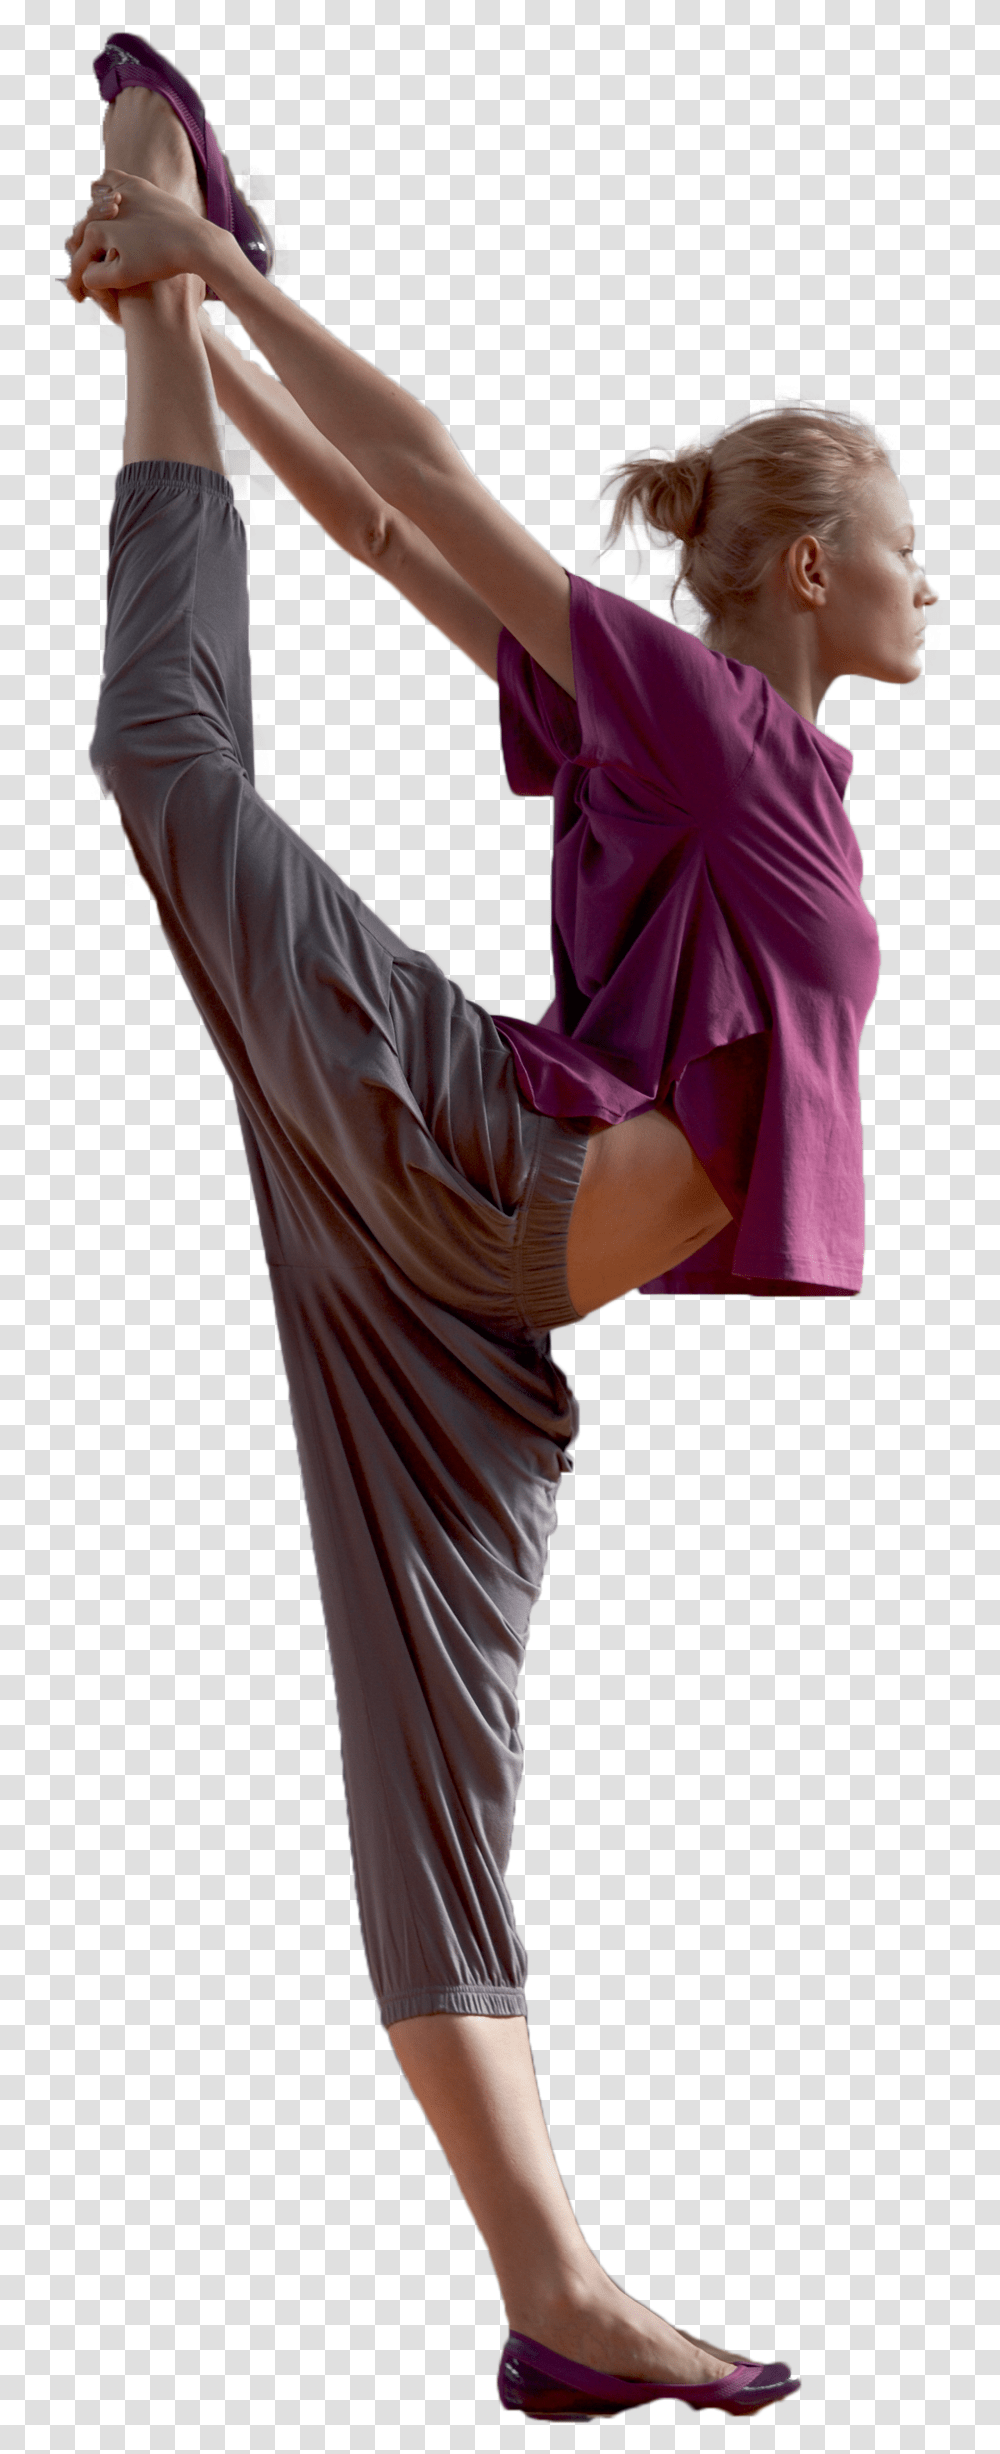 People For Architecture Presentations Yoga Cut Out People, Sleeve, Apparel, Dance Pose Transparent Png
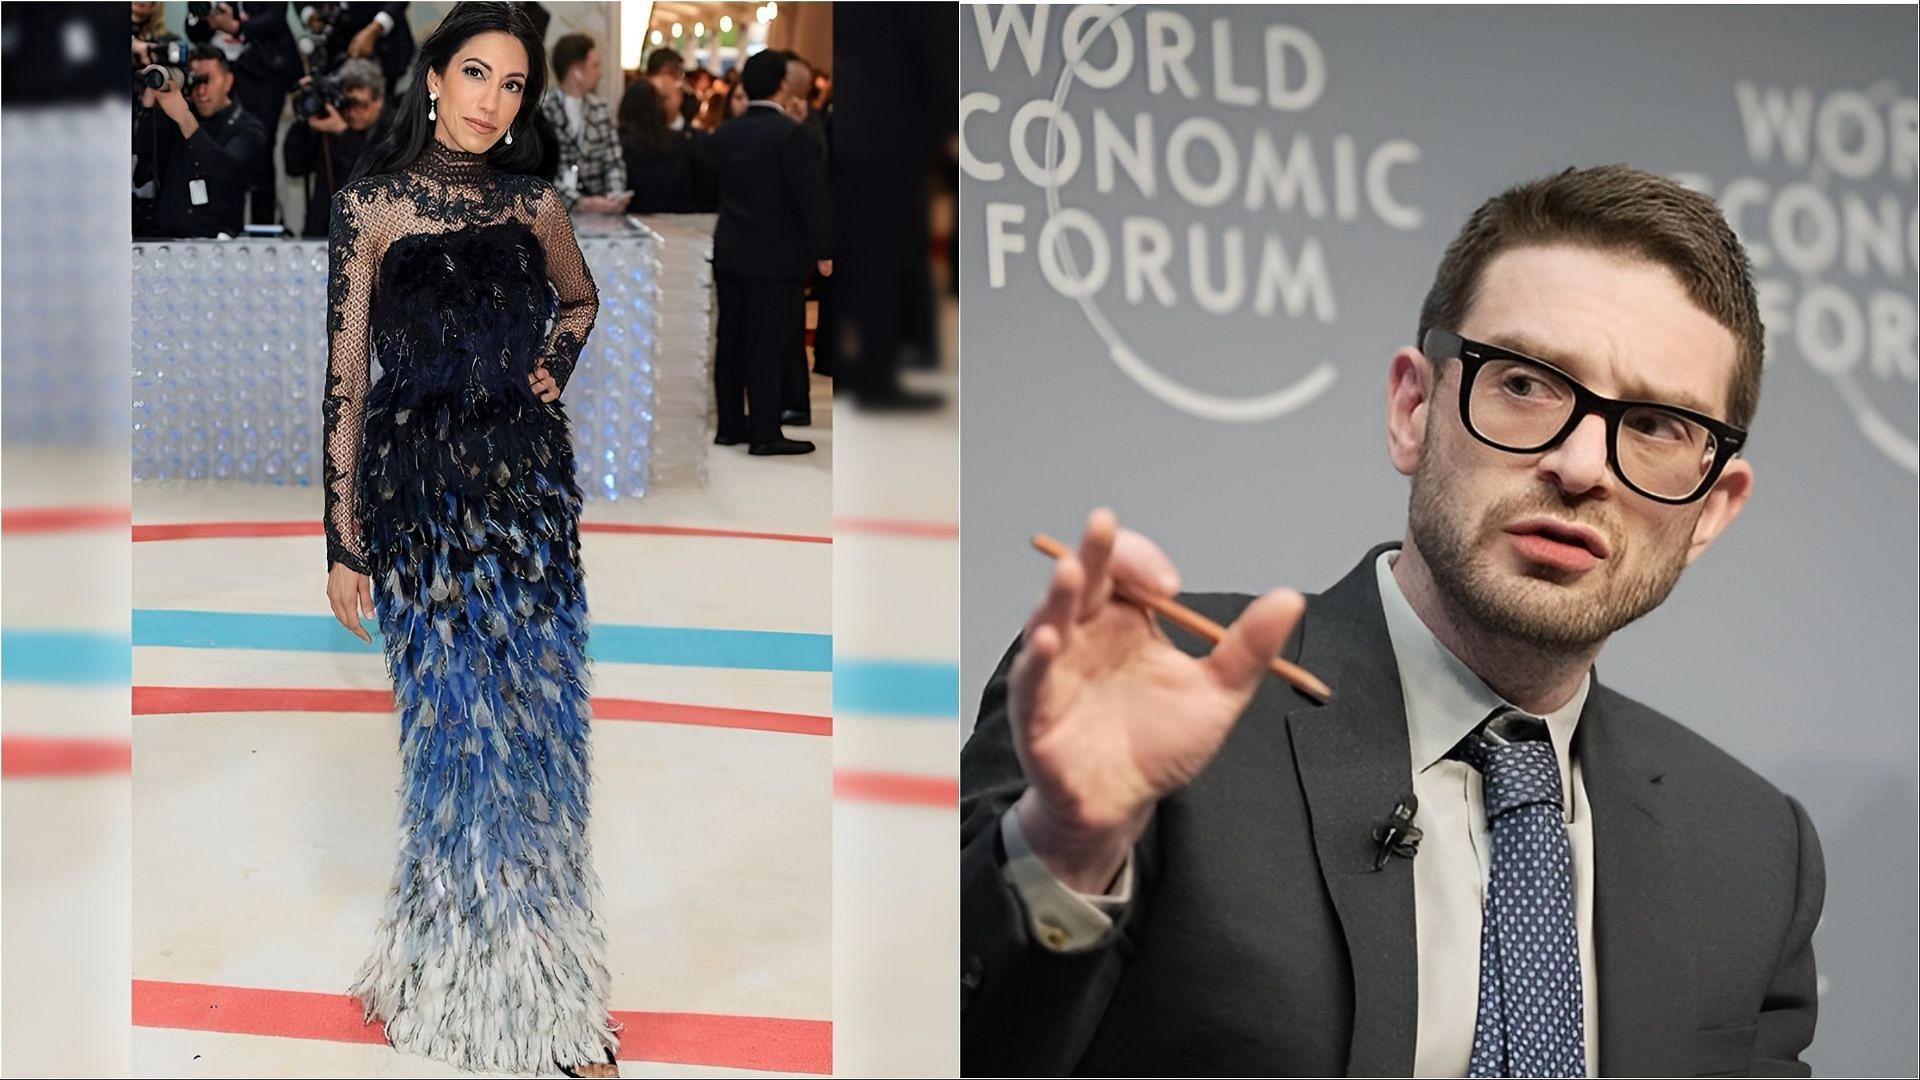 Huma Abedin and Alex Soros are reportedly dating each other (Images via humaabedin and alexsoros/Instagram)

...

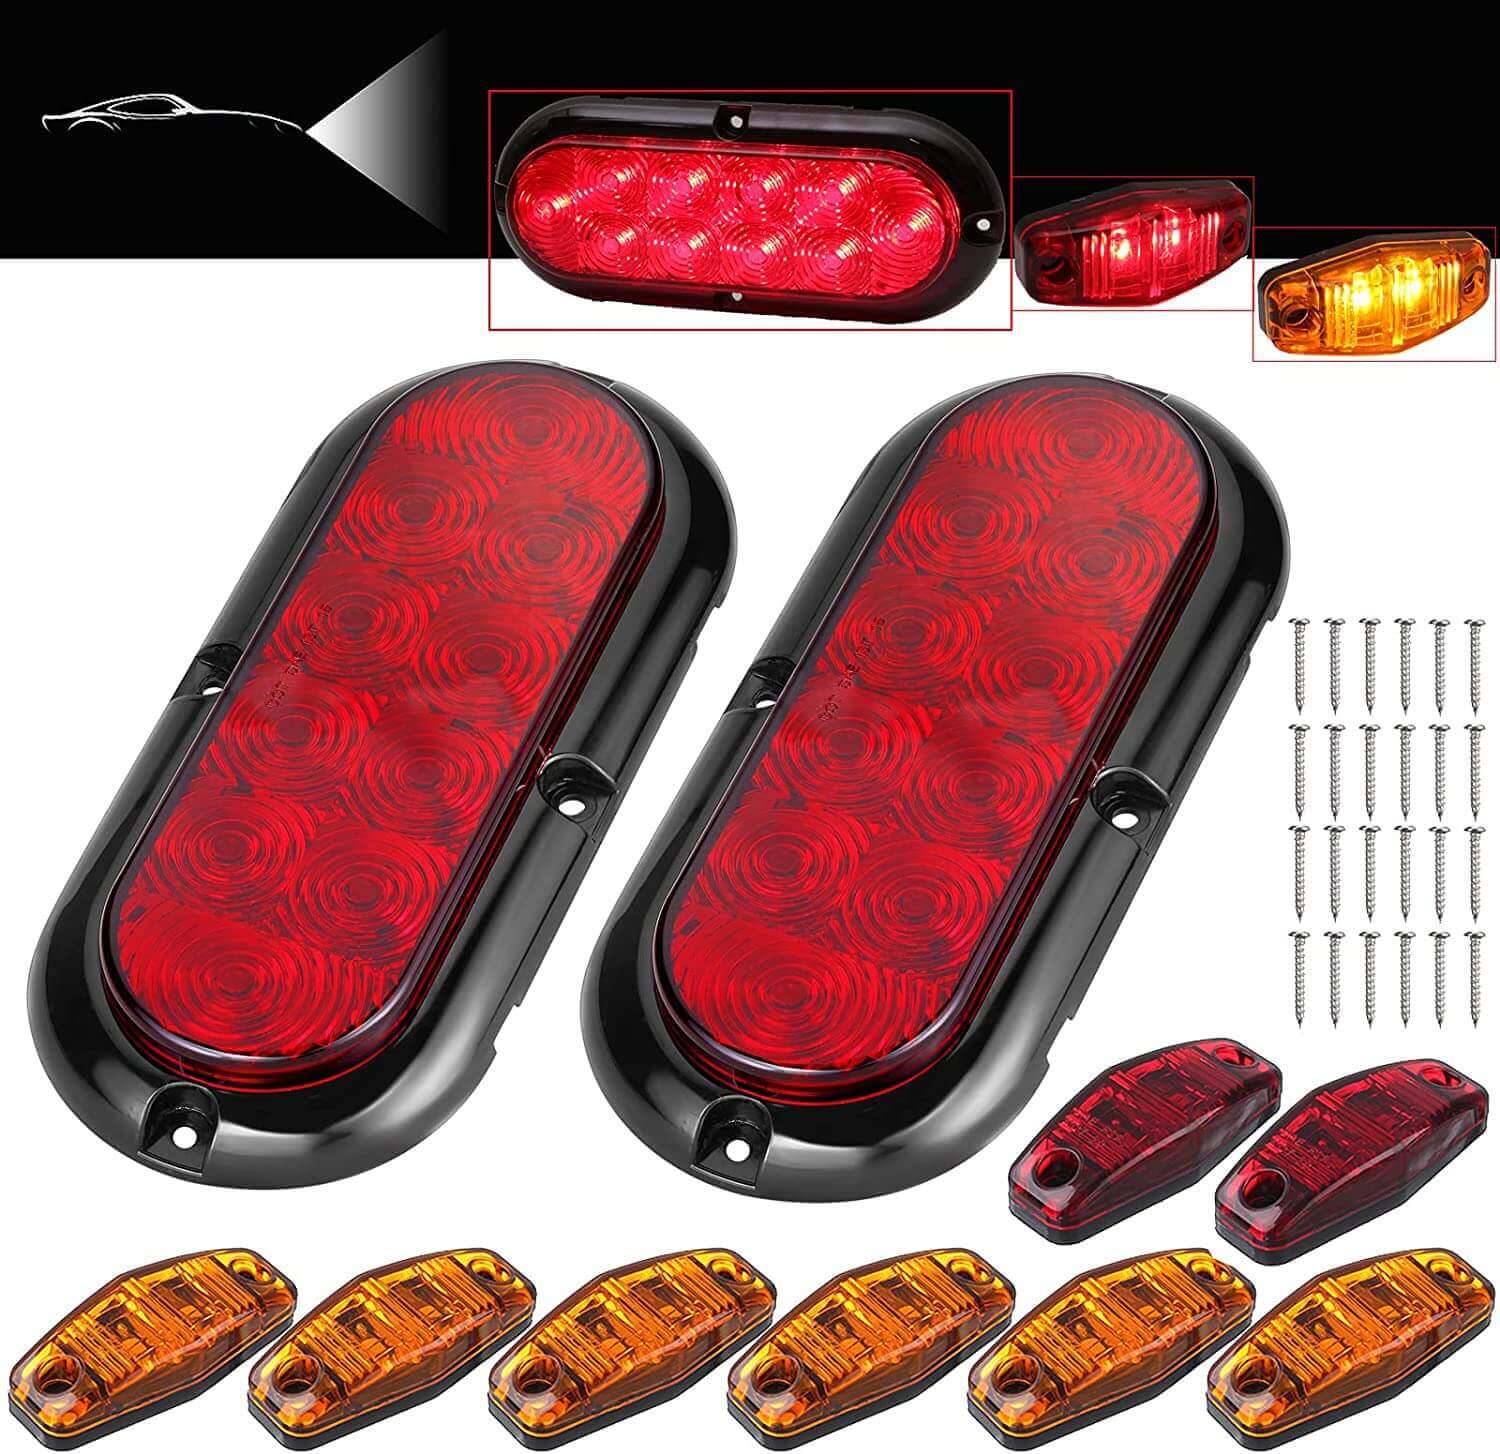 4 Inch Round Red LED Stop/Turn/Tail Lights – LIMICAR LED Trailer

---

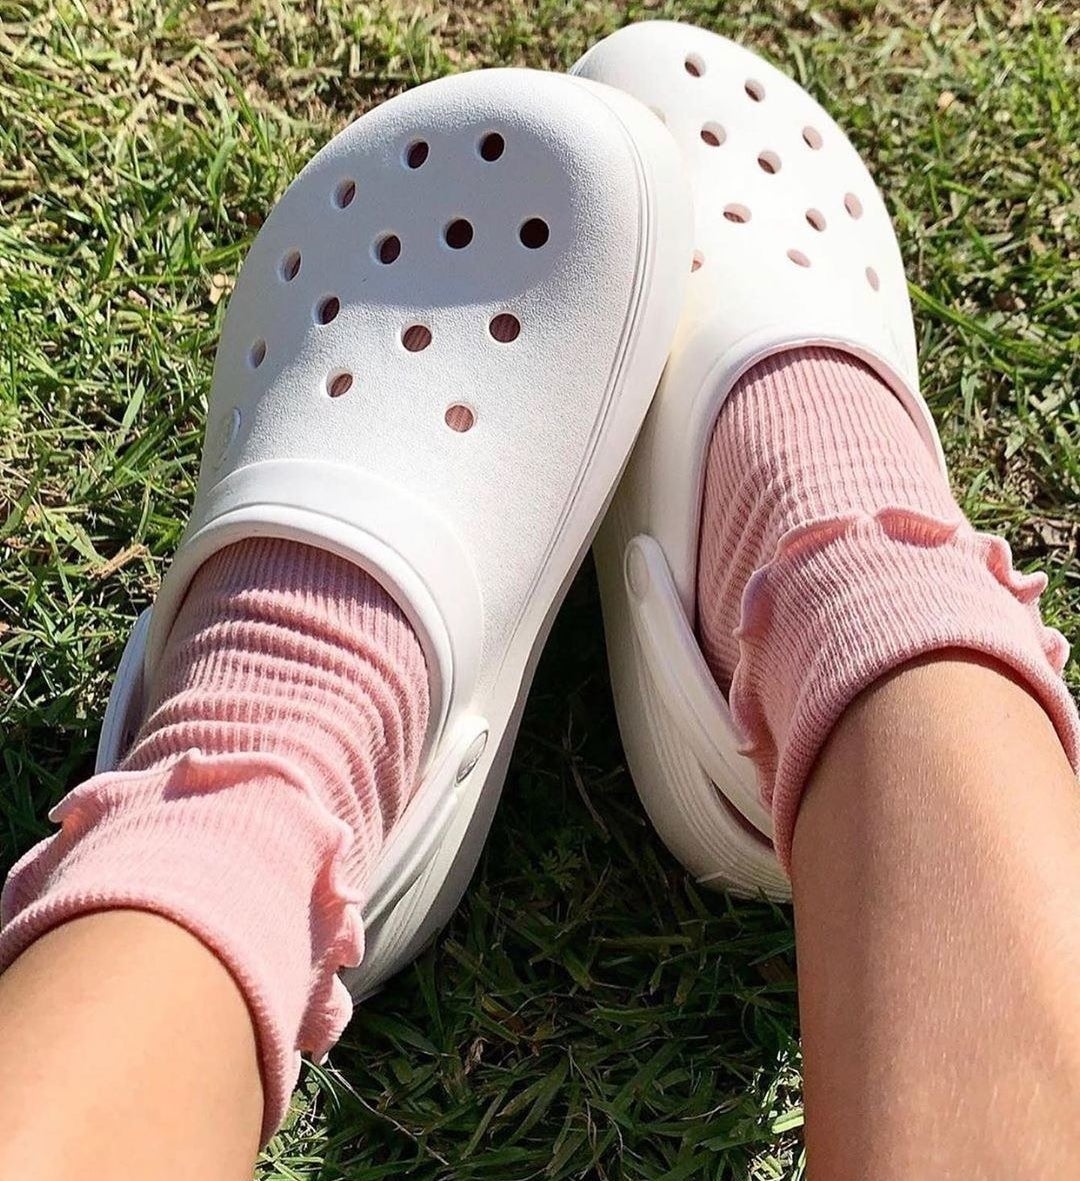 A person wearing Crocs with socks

■ **Work to be completed**
Your answer must be the exact lines from the records above, from the one containing "People For Architecture" through the one containing "Huma Abedin and", both included, with every picture left out.

■ **Solution to this task**
 People For Architecture Presentations Yoga Cut Out People, Sleeve, Apparel, Dance Pose Transparent Png
 Huma Abedin and Alex Soros are reportedly dating each other (Images via humaabedin and alexsoros/Instagram)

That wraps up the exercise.